Дойчер, Исаак

Поделись знанием:
Перейти к: навигация, поиск
Исаак Дойчер
Место рождения:

Хшанув, Австро-Венгрия

Место смерти:

Рим, Италия

Род деятельности:

историк, публицист, социолог

Исаа́к До́йчер (англ. Isaac Deutscher, 3 апреля 1907, Хшанув, Австро-Венгрия, ныне в составе Польши — 19 августа 1967, Рим, Италия) — историк и публицист, автор книг по истории и социологии, биограф Льва Троцкого и Иосифа Сталина, специалист по проблемам Советского Союза и ВКП(б).





Биография

Исаак Дойчер родился в религиозной еврейской семье среднего достатка в городе Хшанув близ Кракова в Западной Галиции. В детстве занимался с раввином-хасидом, однако затем стал атеистом (как утверждал сам Дойчер, он проверил истинность веры и разуверился, употребив некошерную пищу на могиле цадика (праведника) в Йом-Кипур).

Первоначально получил известность как подающий надежды молодой поэт; с 16 лет печатал свои стихи в польских литературных изданиях. Стихи Дойчера, написанные на идише и польском, касались польской и еврейской истории, мифологии и мистицизма; таким образом, он пытался проложить мост между двумя культурами. Кроме того, также занимался переводами с идиша, латинского, немецкого и древнееврейского языков на польский.

Изучал историюК:Википедия:Статьи без источников (тип: не указан)[источник не указан 4442 дня], философию и литературу в Ягеллонском университете в Кракове. В 18 лет он выехал из Кракова в Варшаву и поступил в Варшавский университет, где изучал философию и политэкономию. В это же время Дойчер становится марксистом. В 1926 году он вступил в запрещённую Польскую коммунистическую партию и выступил в качестве редактора партийной прессы.

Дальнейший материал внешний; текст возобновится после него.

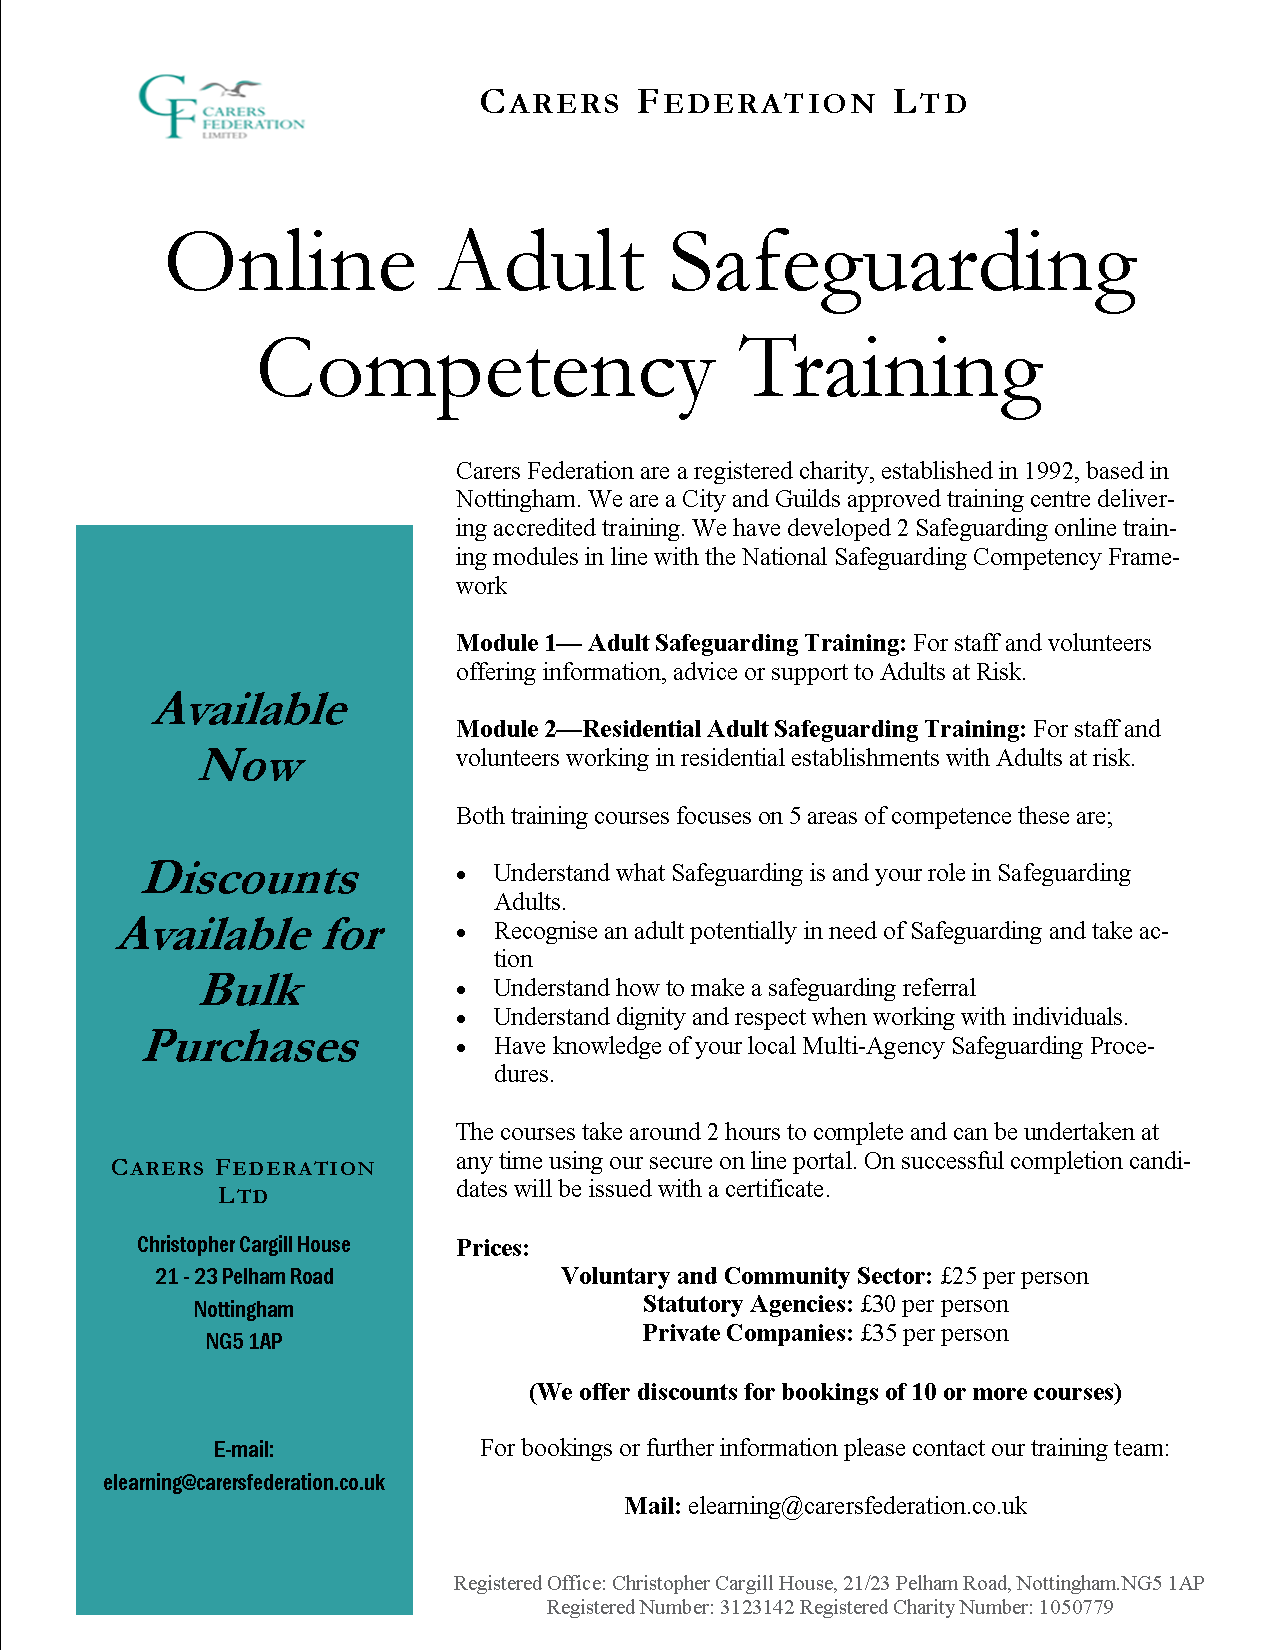 Annexe Safeguarding Training  flyer Feb 2019.png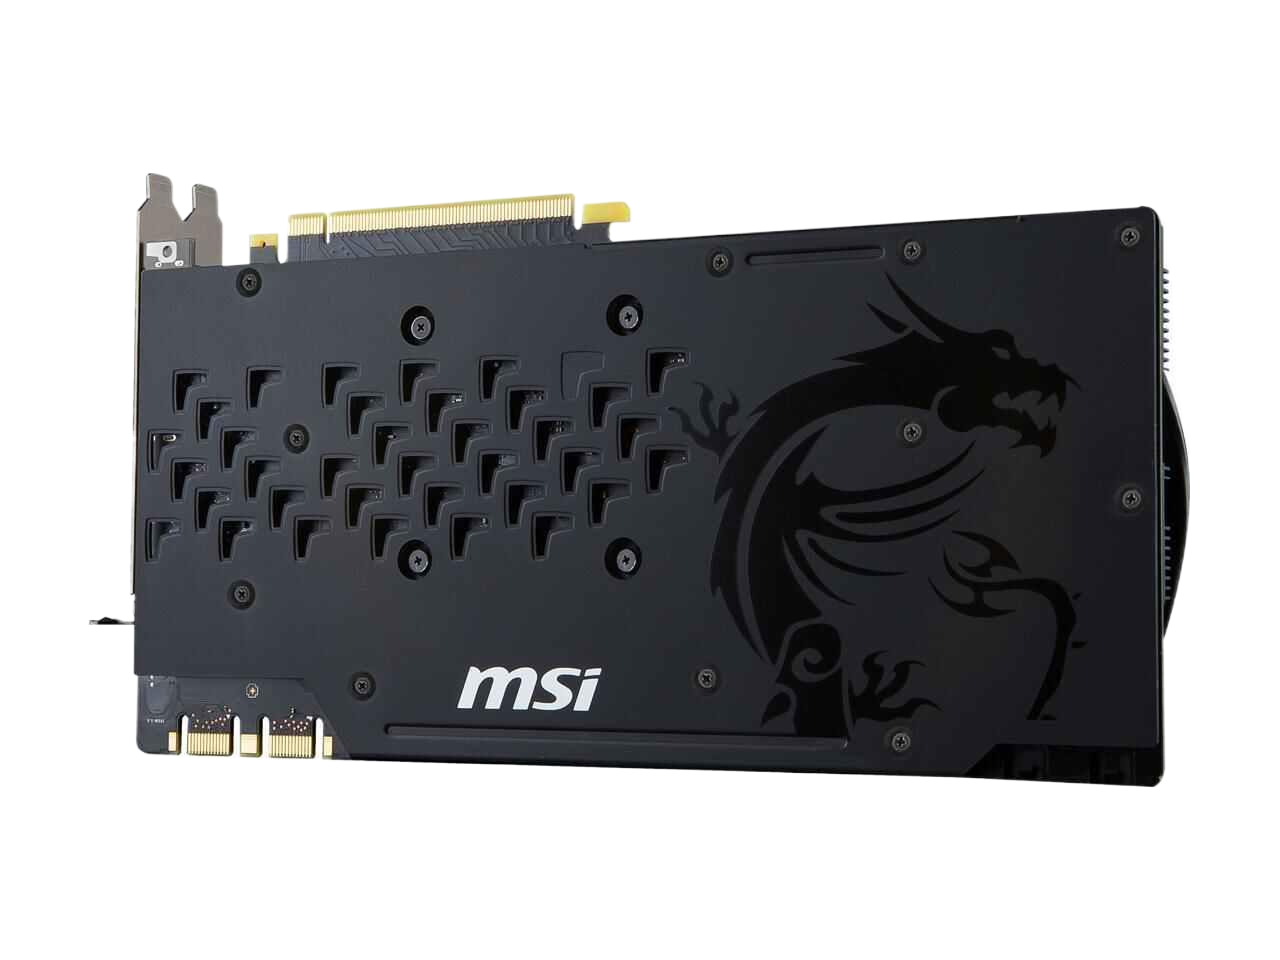 MSI GeForce GTX 1070 Ti GAMING 8GB 256-Bit GDDR5 DirectX 12 PCI Express 3.0 x16 HDCP Ready SLI Support ATX Video Card

В 1931 году посещал Советский Союз, где получил от Московского государственного университета предложение занять должность преподавателя истории социализма и научного коммунизма. Однако Дойчер отказался и вернулся к подпольной работе в Польше.

В 1932 году он решительно выступил против сталинской политики в руководстве Коминтерна. В особенности Дойчер осуждал теорию и практику, рассматривавшую социал-демократию в качестве «социал-фашизма» и первостепенного врага коммунистического движения, справедливо усматривая в приверженности такому курсу одну из важнейших причин, приведших к поражению компартию Германии в борьбе против Гитлера. В своей статье «Угроза варварства в Европе» (1933) он ратовал за формирование единого фронта коммунистов и социал-демократов против нацизма.

Поскольку Дойчер перешёл в ряды троцкистов, он тут же был исключен из компартии Польши (официально за «преувеличение угрозы нацизма»). Сам он писал впоследствии о себе как о «первом коммунисте, изгнанном из польской Компартии за антисталинизм»[1]. Хотя Дойчер и стал одним из виднейших польских троцкистов, с 1938 года он дистанцировался от официального троцкизма, не одобряя решения Троцкого основать Четвёртый Интернационал.

В апреле 1939 года, незадолго до оккупации Польши нацистской Германией, Дойчер эмигрировал в Лондон. Его жизнь был спасена, но он уже больше никогда не смог вернуться в Польшу и повидать кого-то из своих родственников. В Лондоне Дойчер, досконально изучив английский язык, писал статьи для газеты еврейской эмиграции из Польши, а также стал корреспондентом влиятельного издания «Экономист» (The Economist). Будучи членом Польской социалистической партии, в эмиграции он некоторое время входил в троцкистскую Революционную рабочую лигу (Revolutionary Workers League).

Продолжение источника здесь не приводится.